Für Aufbereitung und Verwertung ist zunächst eine Rückführung des Materials sicherzustellen. Diese ist bei Kunststoffabfällen Stand der Technik, entweder als Angussrückführung oder als Zuführung von Mahlgut zum Neugranulat. Die Schwierigkeit liegt in der Sortenreinheit. Gemischte und verunreinigte Kunststoffe lassen sich nur eingeschränkt für die Herstellung von Formteilen ohne große Qualitätsanforderungen verwenden. Allerdings gehört die sortenreine Sammlung von PVC-Profilen und PET-Flaschen bereits zum Standard. [Baur et al. 2019, S. 59–60]

Als letztes Mittel der Verwertung von Kunststoffabfällen sieht das Kreislaufwirtschaftsgesetz die energetische Verwertung vor. Kunststoffabfälle besitzen viel chemisch gebundene Energie, die bis zu 60 % der Produktionsenergie zurückliefern kann. Die Probleme der energetischen Verwertung sind mit den Halogenen und der de-novo-Synthese jedoch kritisch für die Umweltverträglichkeit der energetischen Nutzung von Kunststoffabfällen. Es ergibt sich unter anderem ein Bedarf an technisch aufwändiger Abgasreinigung und spezieller Temperaturregulierung im Kessel. Daher werden Abfälle bei der energetischen Verwertung zunächst zu spezifischen Sekundärbrennstoffen aufbereitet. Speziell für Kunststoffe bedeutet dies die Reduzierung von PVC, bis der Chlor-Anteil am Brennstoff unter 0,5 Gew.-% liegt. Dazu legt die Gütegemeinschaft RAL-GZ 754 Spezifikationen und Verfahren für Sekundärbrennstoffe fest. [Baur et al. 2019, S. 69–70]

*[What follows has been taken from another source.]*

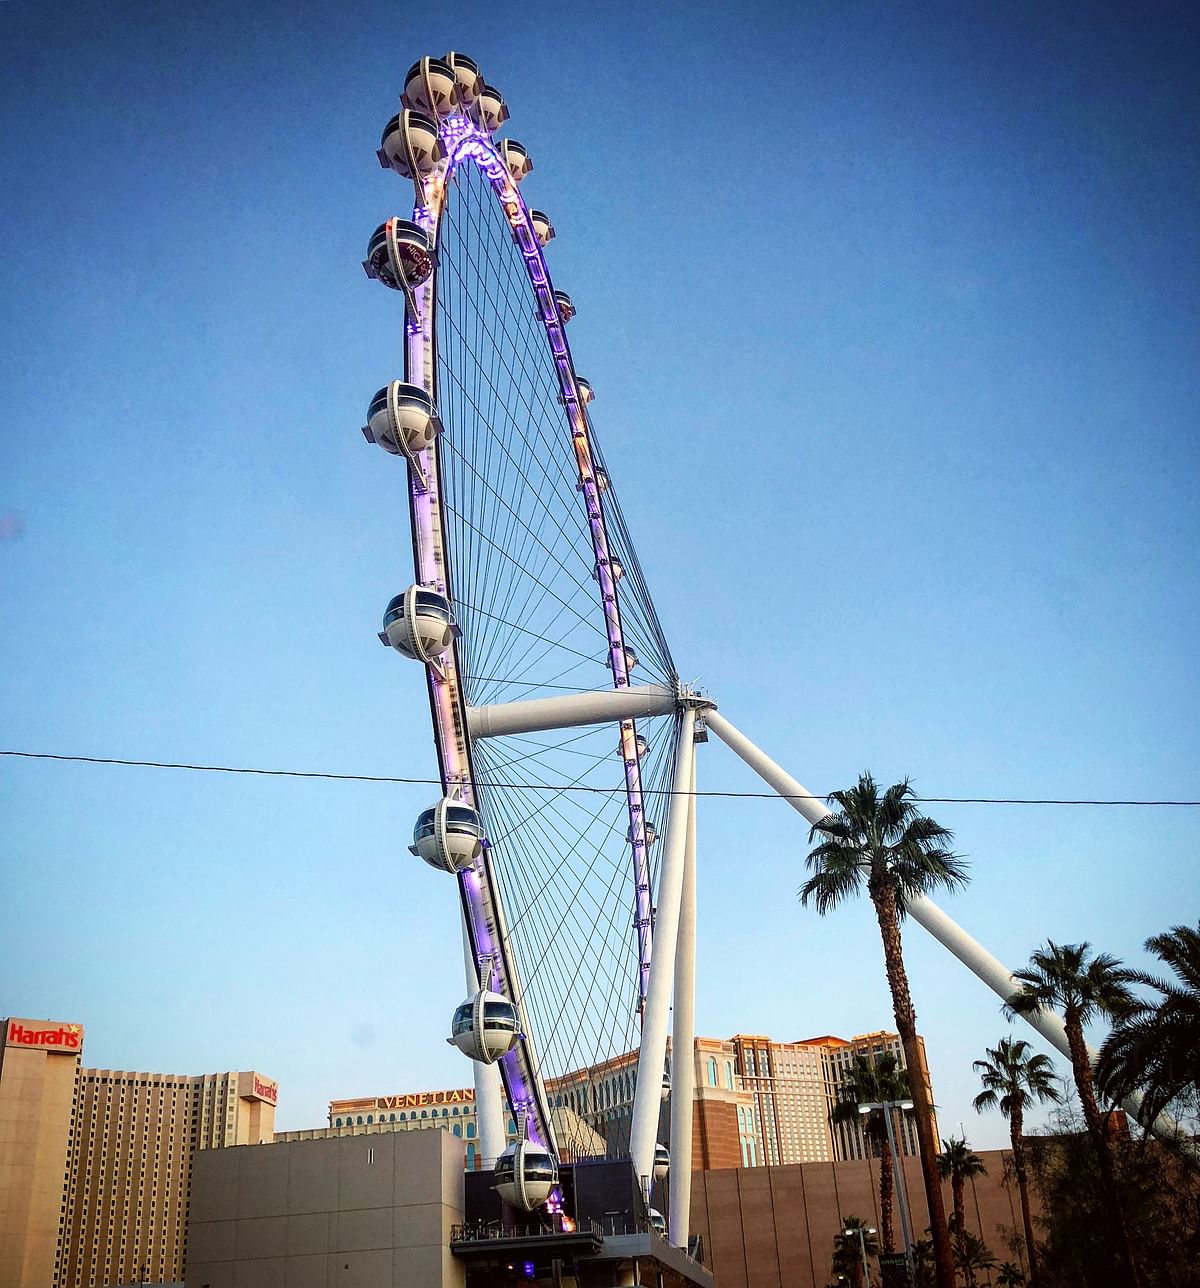 The High Roller.

In Bezug auf den Stoffstrom LVP gliedert sich der Recyclingkreislauf in die Schritte Erfassung, Sortierung und Aufbereitung. Die LVP-Sammlung ist ein Beispiel für ein sogenanntes comingled-System. Daher ist hier keine gute Sortenreinheit zu erwarten und eine strukturierte Aufbereitungskette notwendig. Nach der Sammlung im Gelben Sack, der Gelben Tonne und Sammelcontainern folgt eine Vorzerkleinerung und Vorkonditionierung für die Siebung. Die Siebung führt die Kornklassen > 220 mm und 20-220 mm einer Windsichtung zu. Das Feingut wird unmittelbar als Sortierrest klassiert. Im Anschluss an die Windsichtung folgt eine Magnetscheidung. Die Sortierung wird entweder durch manuelle Sortierung oder sensorgestützte Sortierung abgeschlossen. Die Prozesskette ist in Abbildung 11 dargestellt.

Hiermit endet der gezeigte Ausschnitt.